Supplied data >>
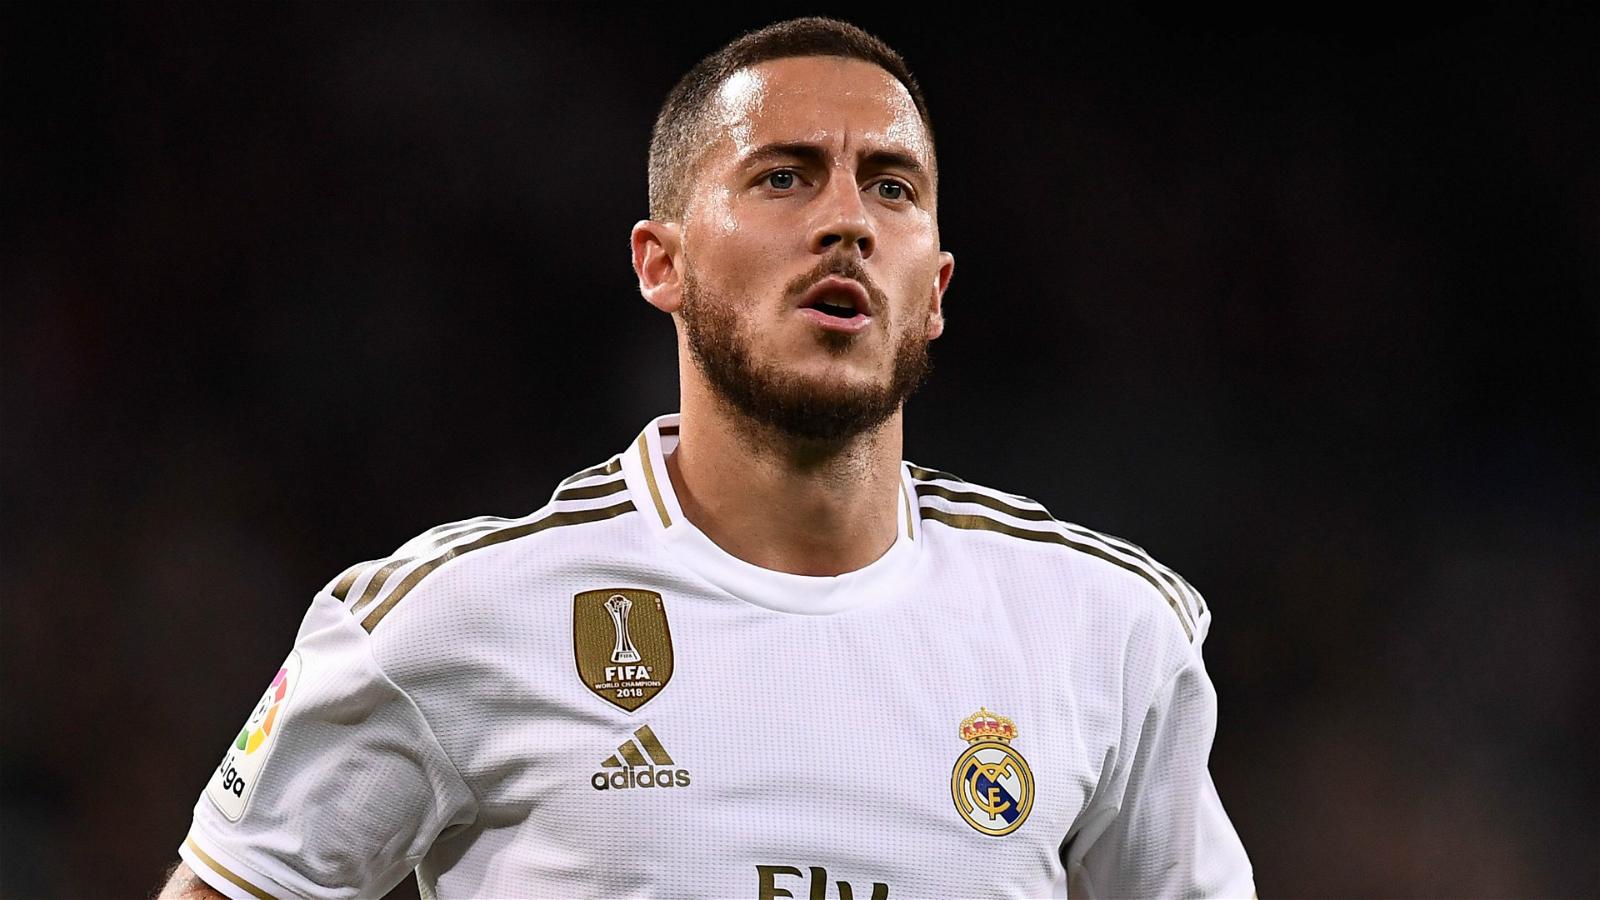 Eden Hazard to leave Real Madrid after contract termination
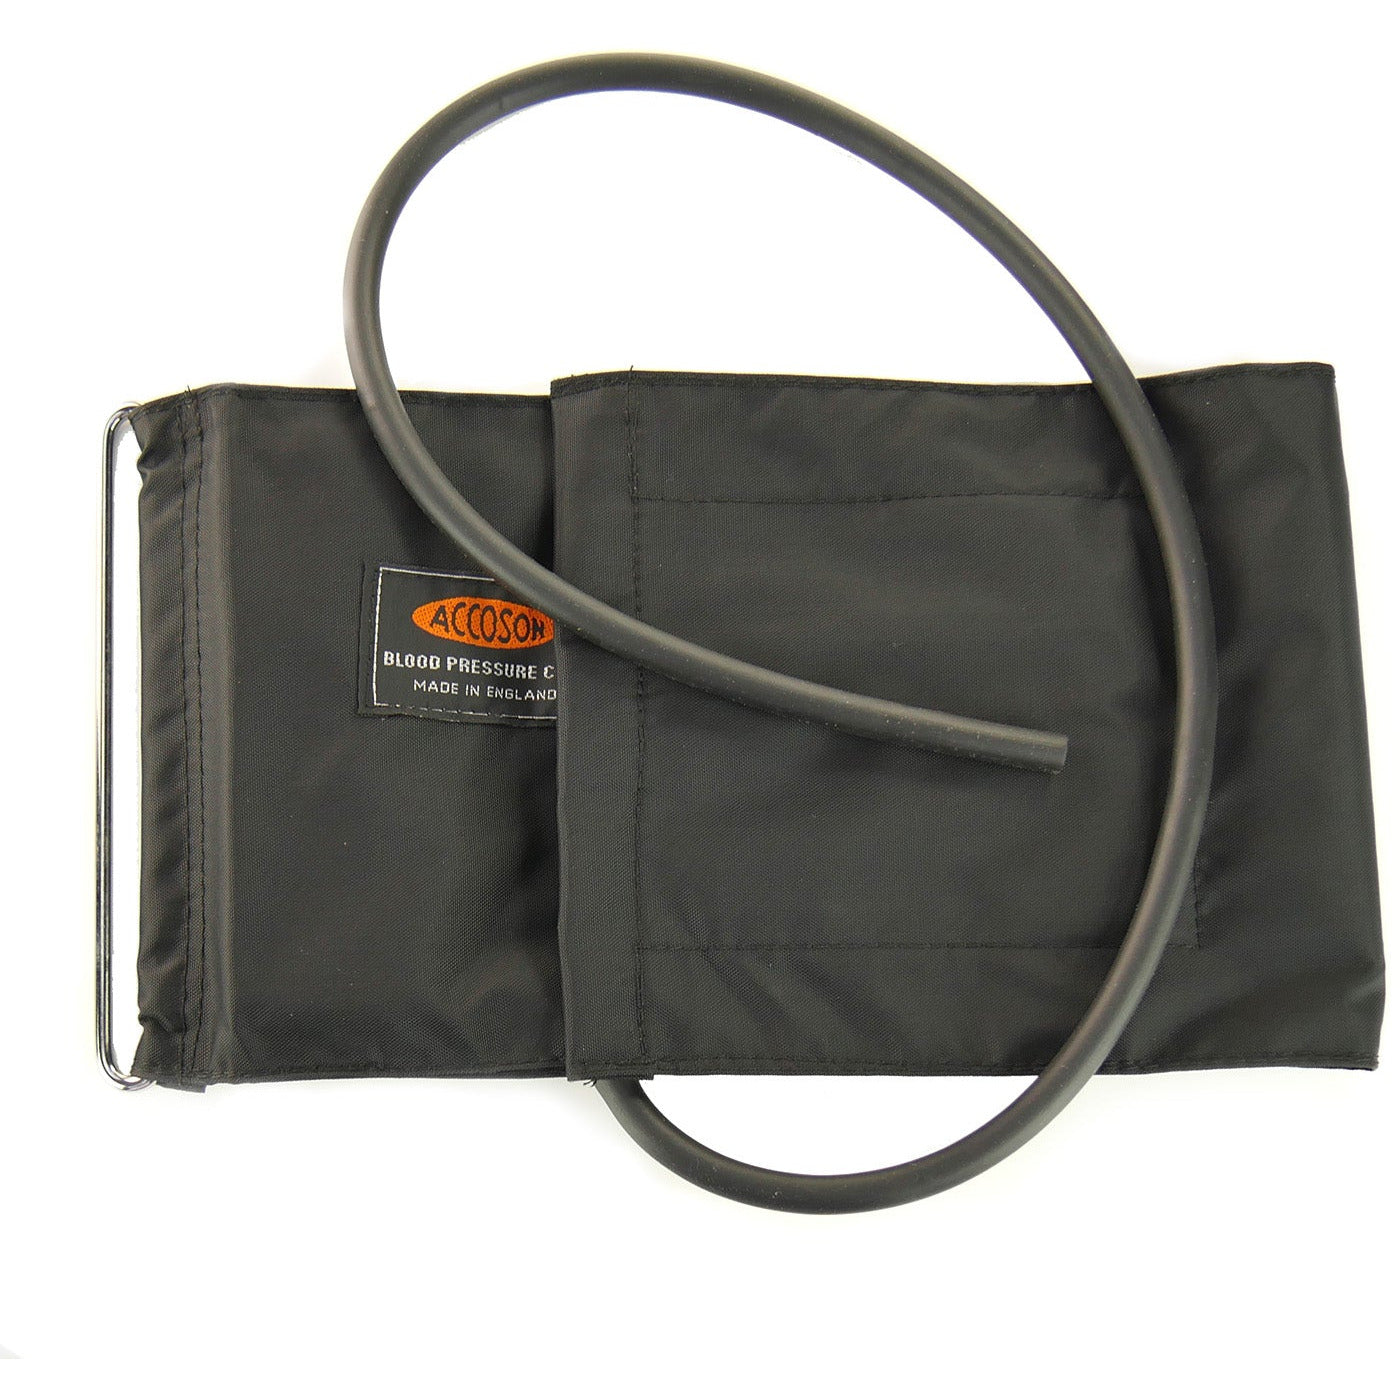 Accoson COMBINE CUFF with Inflation Bag
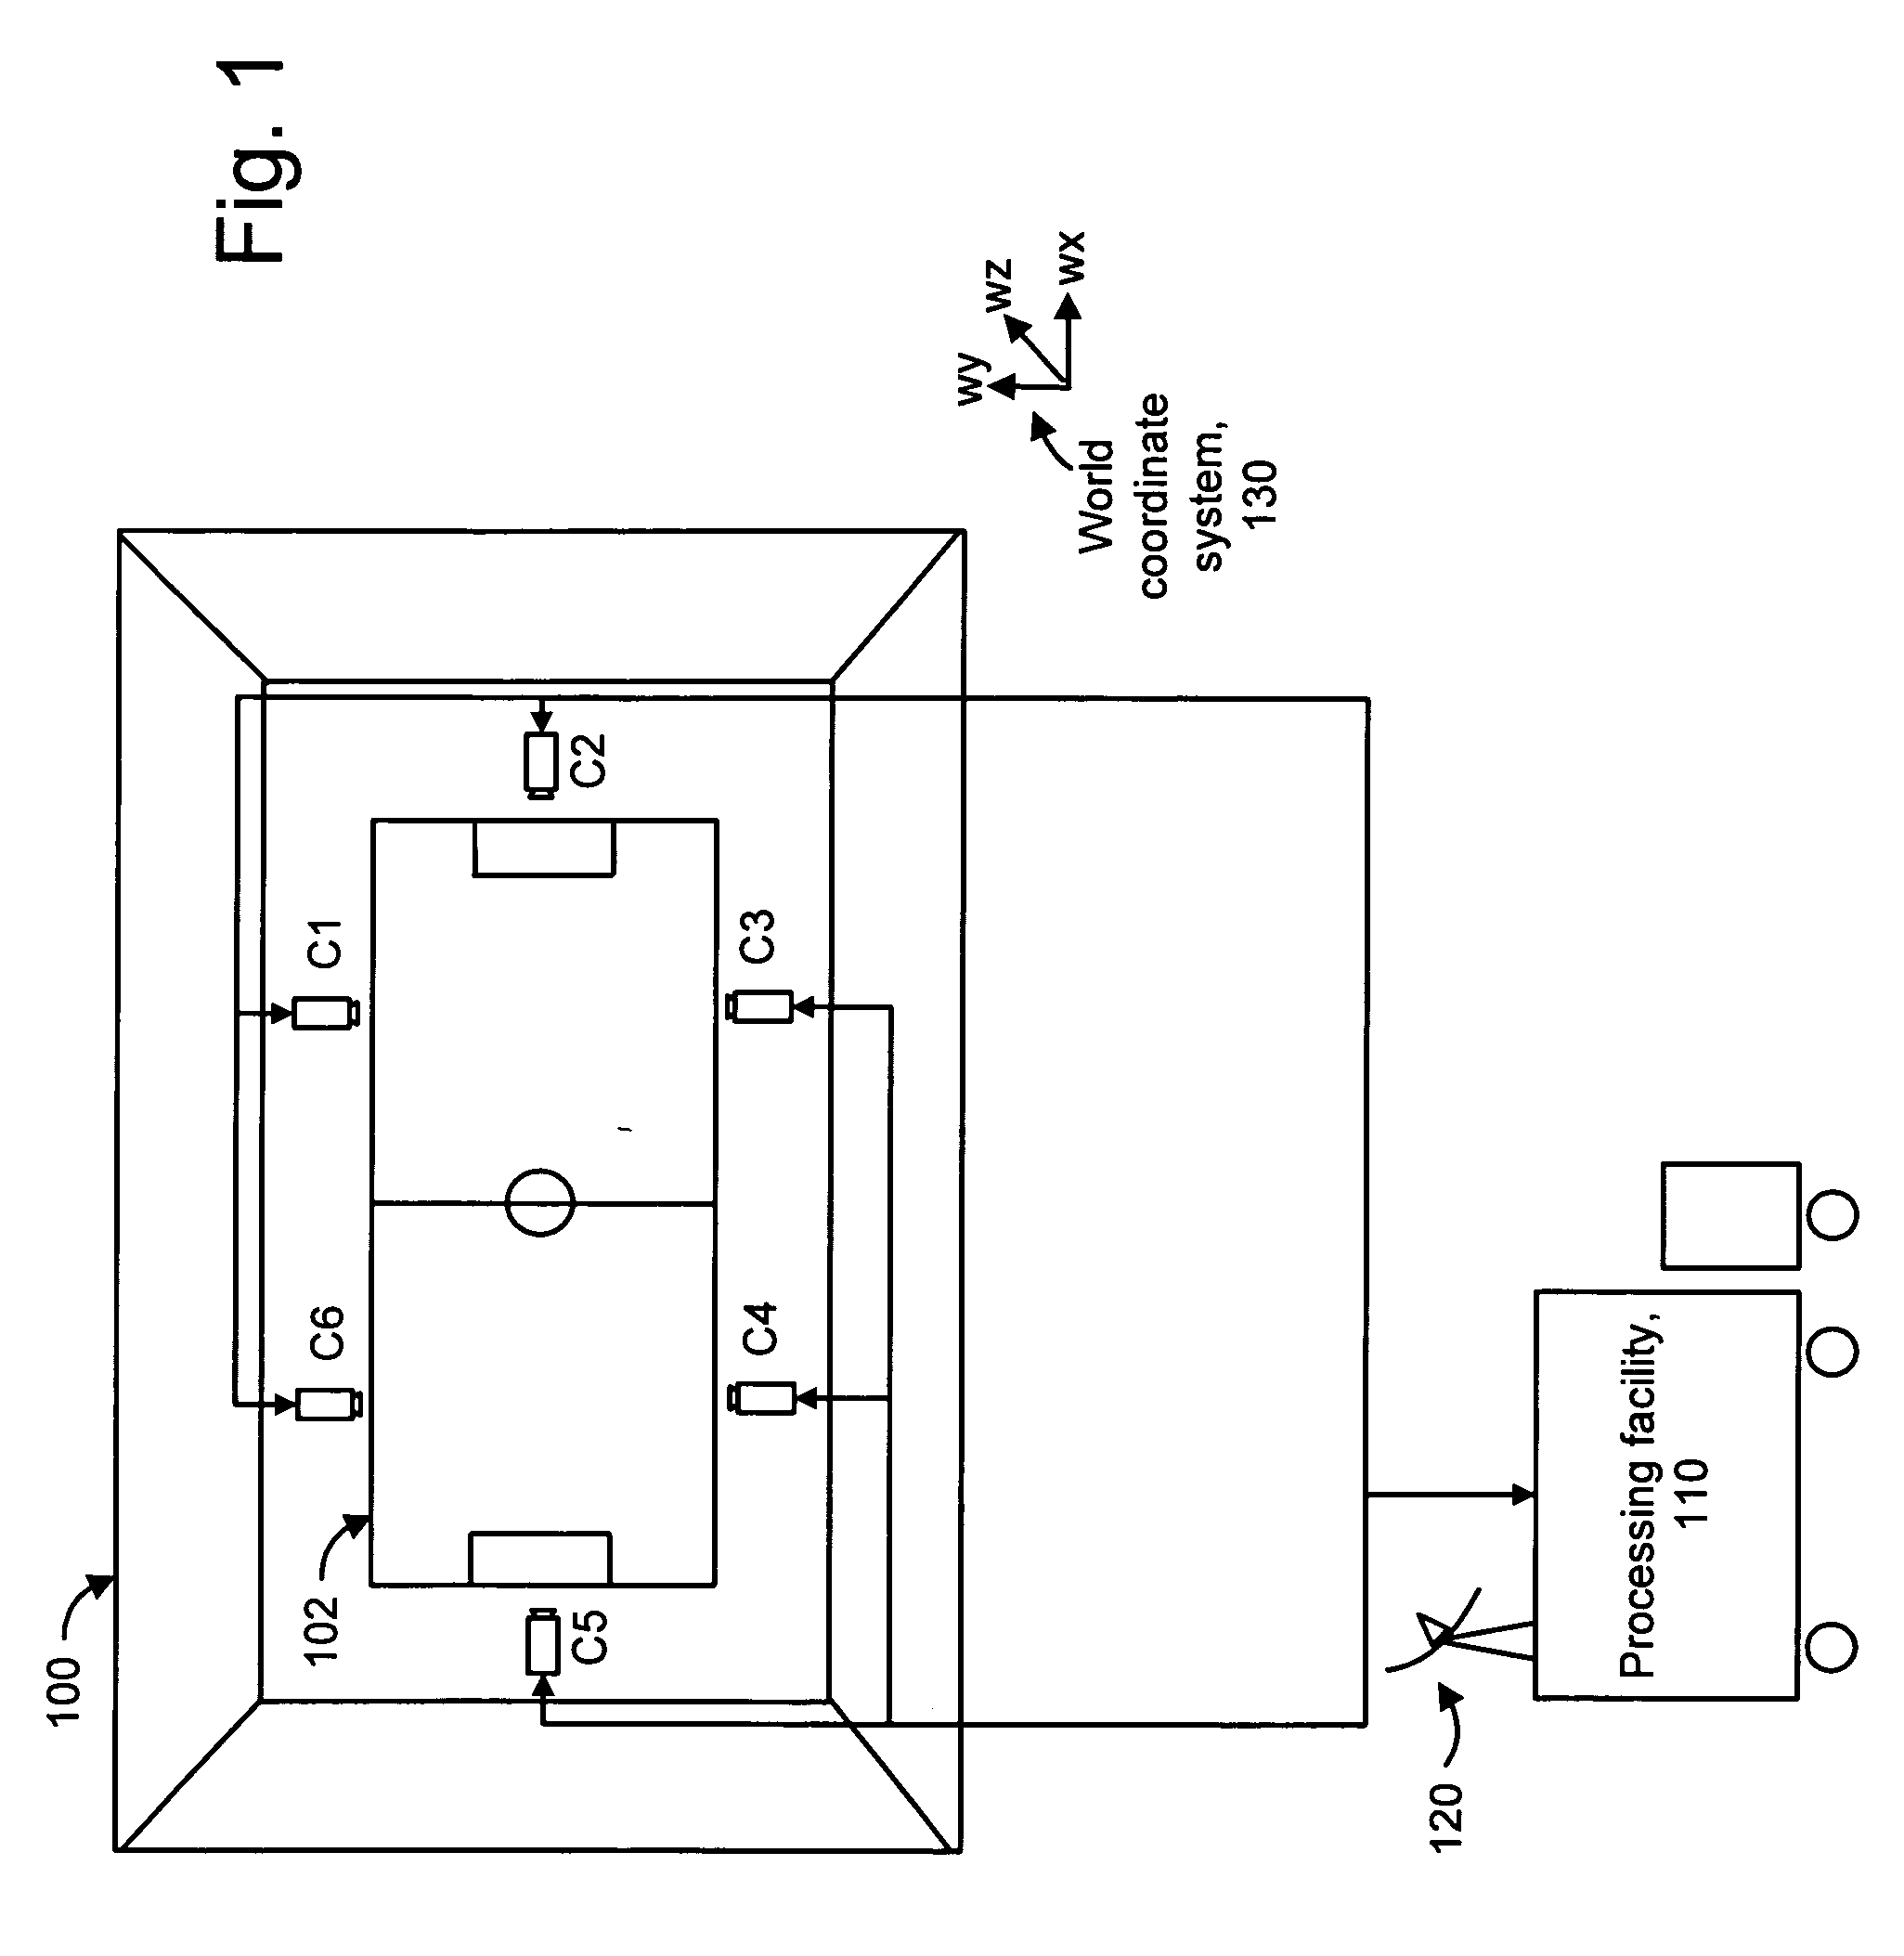 Image repair interface for providing virtual viewpoints

About this exercise >>
Now write out the data word for word, skipping every picture in it.

Written reply >>
 Eden Hazard to leave Real Madrid after contract termination
 Accoson COMBINE CUFF with Inflation Bag
 Image repair interface for providing virtual viewpoints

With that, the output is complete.